La seconda ed ultima fase esecutiva del restauro interesserà invece, dapprima, il supporto del mosaico: le lavorazioni saranno eseguite, dunque, sulla superficie retrostante dell’opera (le tessere musive, in questo momento, non saranno visibili perché coperte dal tavolato ligneo di protezione). Un significativo contributo in termini di nuovi servizi e piattaforme è stato fornito da TIM, in collaborazione con NTT DATA. L’Azienda ha messo a disposizione, in via sperimentale, soluzioni digitali che consentono l’utilizzo di nuove tecnologie per il restauro, grazie all’elaborazione simultanea di dati acquisiti nel corso della fase diagnostica. Grazie a queste tecnologie sarà possibile riprodurre, secondo vari livelli sul corpo del mosaico, tutte le informazioni tecniche utili per eseguire il restauro da visualizzare in tempo reale con soluzioni di realtà virtuale e aumentata. Gli applicativi, insieme ad una consolle di controllo, permetteranno di utilizzare un visore intelligente da indossare per inquadrare la parte d’interesse del mosaico su cui intervenire: il restauratore, in questo modo, avrà sempre le mani libere per operare e, cosa più importante, potrà lavorare sulla parte posteriore dell’opera, controllando in ogni momento gli effetti eventuali prodotti negli strati anteriori del manufatto.
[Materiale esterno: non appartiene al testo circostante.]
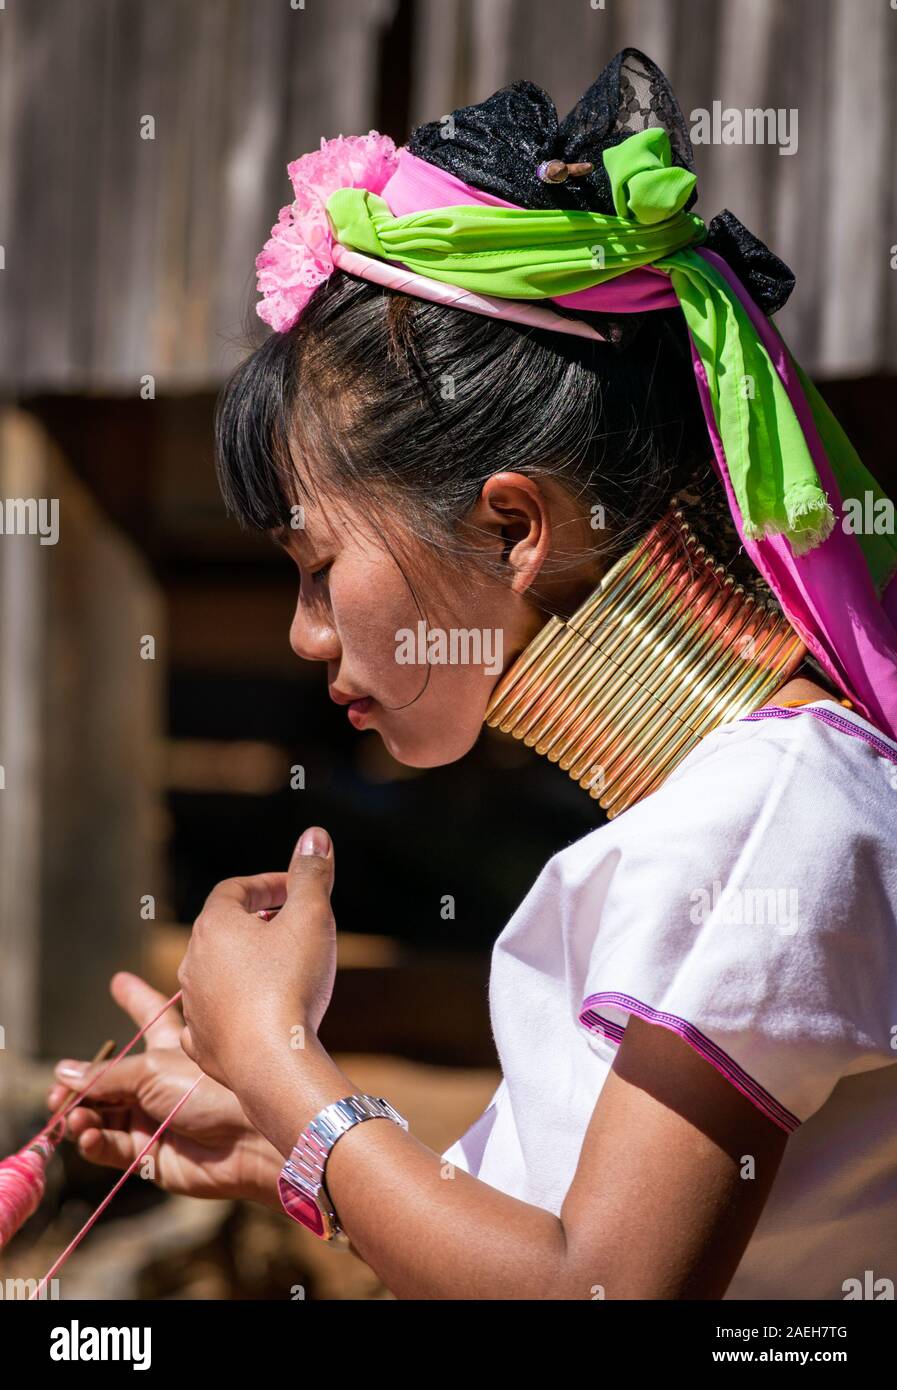 Portrait d'une jeune femme de la tribu Kayan portant tenue traditionnelle (et d'une montre moderne) et collier en laiton. Pet, Pan, le Myanmar Loikaw. Banque D'Images

Le strumentazioni permetteranno, con una metodologia assimilabile a quella utilizzata in chirurgia, la proiezione in scala 1:1 della parte frontale del mosaico su una apposita superficie, che potrebbe essere una parete o un telo collocato in loco (che sarà non soltanto uno strumento di lavoro per i restauratori, ma renderà anche fruibile al pubblico quanto accade nel cantiere), e l’associazione alla proiezione di una serie di parametri geofisici desunti dalle indagini (che potranno essere interrogati dagli operatori in tempo reale, analizzando tutti i dati inerenti al manufatto nel suo complesso). Terminato l’intervento sul supporto, i restauratori elimineranno i bendaggi posti durante la fase iniziale d’intervento e completeranno il restauro con operazioni di pulitura, ulteriori ed eventuali consolidamenti, trattamento protettivo finale. Il progetto di restauro, così, sarà anche un’occasione per valorizzare, anche nella percezione dei visitatori, non solo il complesso percorso di ricerca, ma anche la metodologia adottata (la dimensione progressiva, puntuale ed attenta delle diverse fasi di lavoro, sarà una componente essenziale per sottolineare l’interconnessione di contributi e professionalità, alla base di un evento di rilevanza internazionale).

Le dichiarazioni

“Con l’avvio, nel 2021, del restauro del Mosaico di Alessandro”, dichiara il direttore del MANN, Paolo Giulierini, “scriviamo insieme una pagina importante nella storia del Museo Archeologico Nazionale di Napoli e quindi della conservazione dei beni culturali. Sarà un restauro grandioso, che si compirà sotto gli occhi del mondo. Un viaggio entusiasmante lungo sette mesi ci attende: dopo il minuzioso lavoro preparatorio, studiosi ed esperti si prenderanno cura con le tecniche più avanzate del nostro iconico capolavoro pompeiano, raffigurante la celebre battaglia di Isso. La tecnologia e le piattaforme digitali ci consentiranno di seguire le delicatissime operazioni, passo dopo passo, in una sorta di ‘cantiere trasparente’, come mai accaduto prima. Per realizzare una operazione così ambiziosa e complessa è stata attivata dal MANN una rete di collaborazioni scientifiche e di partnership di grande prestigio”.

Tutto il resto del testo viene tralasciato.